The cerebellum is the part of the brain that is primarily responsible for movement and balance. However, studies reveal that the cerebellum may have certain cognitive and mood functions. The cerebellum responds to estrogens, producing both estradiol and progesterone during development. It is associated with sex-specific conditions in humans.
In the growing cerebellum, estrogen controls the formation of dendrites and is important for the regulation of excitation and inhibition in the brain.
A growing body of research has focused on the neuroactive effects of ovarian steroids on cognition. The particular area of focus was how changes in estradiol and progesterone associated with the menstrual cycle might affect cognitive processes. While some studies found improved linguistics, an area where females typically excel, behavioral results appear to be inconsistent.
Researchers commonly record sex disparities in cognitive ability, for example, men surpassing women in spatial abilities. This substantial sexual dimorphism is likely a result of both biological and environmental variables, with biological analyses focusing on hormone impacts.
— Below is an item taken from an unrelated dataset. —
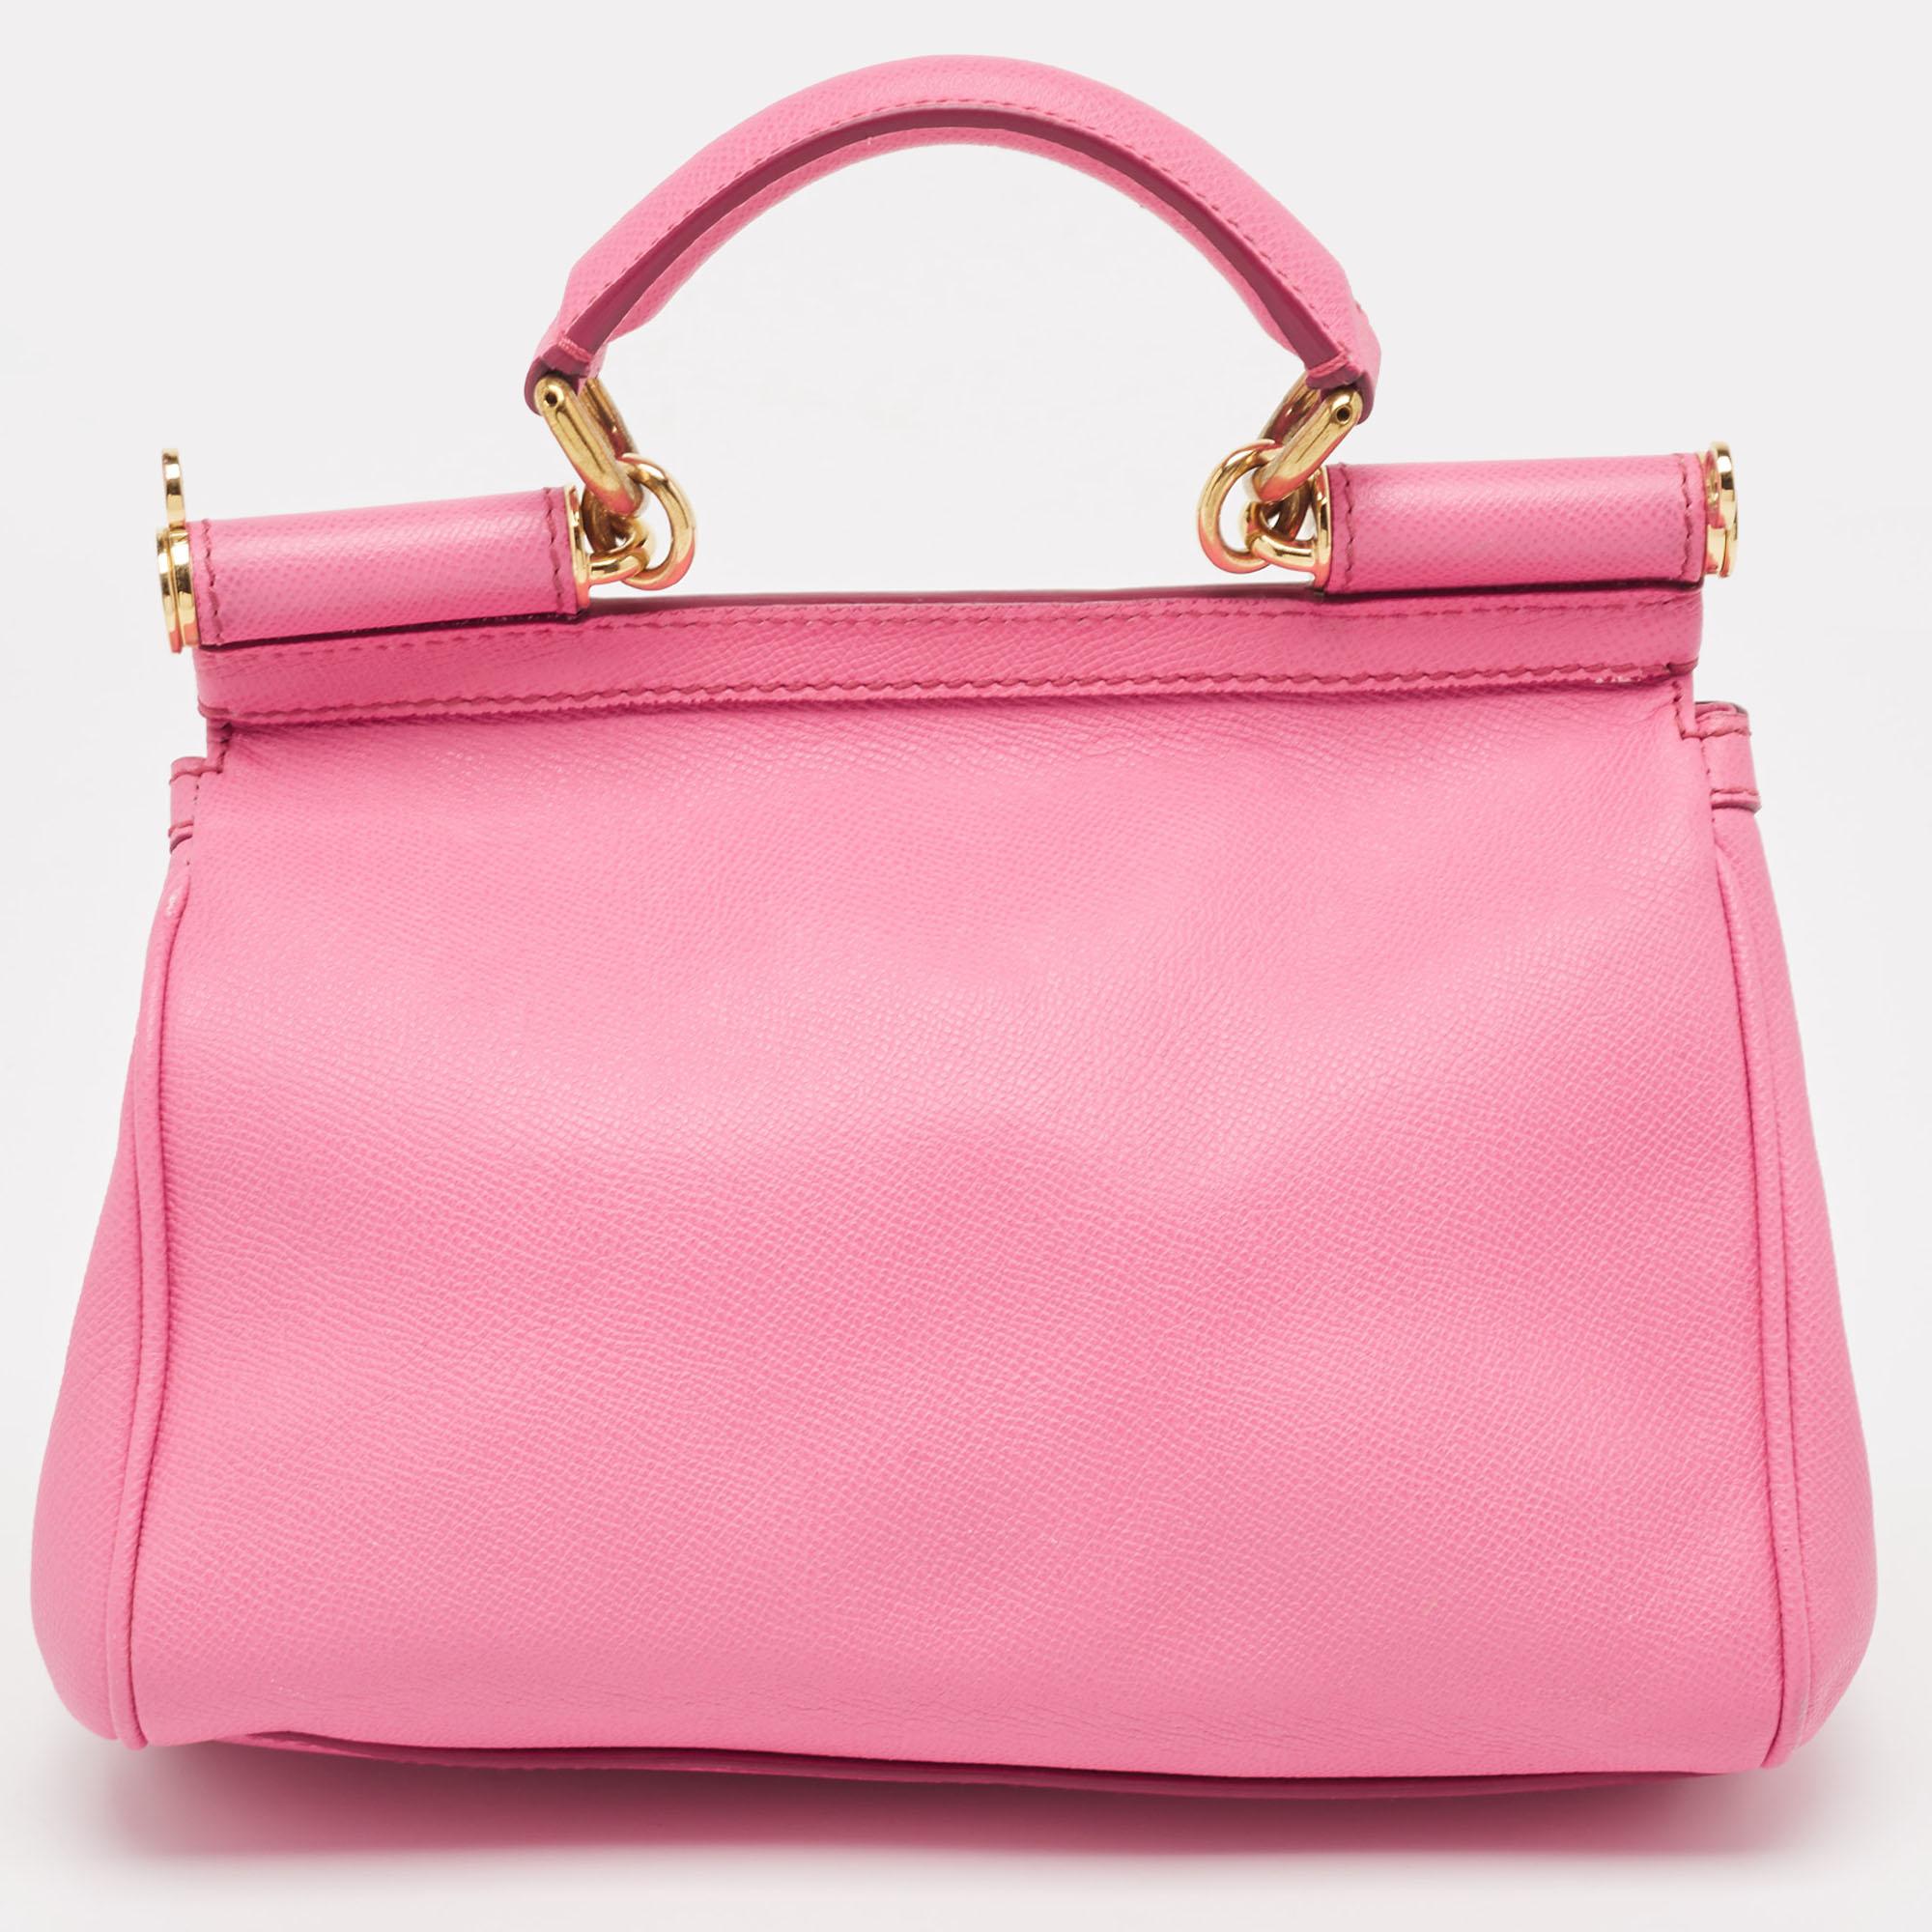 Presented for the 2009 Fall/Winter collection, Miss Sicily from Dolce & Gabbana represents the brand's regard for Italian essence and feminine style. This pink creation comes made from leather and can be carried conveniently by dual top handles.

Brain regions linked to cognitive functions, such as the hippocampus and prefrontal cortex, include androgen receptors, such as those for the sex steroid testosterone.
Sex hormones can exert sexual dimorphism on the body’s response to pain. This effect is via the androgen receptors in the gray matter of the midbrain. In relation to this, studies show that women are more sensitive to pain. This may explain why women have migraines more frequently than males and also why they record less success in getting rid of pain using morphine. Studies on responses to heat by male and female migraine patients also confirm a difference in the way migraine affects the brains of both sexes.
This refers to the mechanisms and strategies that protect the nervous system from injury and chronic degenerative disorders. Researchers have found that estradiol can shield neurons from potential damage by several neurodegenerative conditions, like Alzheimer’s and Parkinson’s. Note that the brain can produce estradiol from cholesterol or from androgens.
On their own, androgens also have some degree of neuroprotective abilities. The brain also appears to have the ability to manufacture androgen dihydrotestosterone from currently unknown precursors without ever needing the testis or ovaries.
It is well known that sex hormones are important for the development of secondary sex characteristics and reproduction in males and females. However, research shows that these hormones are also important in more ways than the reproductive system. There is a relationship between sex hormones and the brain.
These sex hormones result in different sex differences in different parts of the brain, like the hippocampus, prefrontal cortex, and cerebellum. Also, sex differences are observed in processes like pain sensitivity, cognition, empathy, and neuroprotection. While researchers have established these links in animal models, more work is required on humans for better understanding.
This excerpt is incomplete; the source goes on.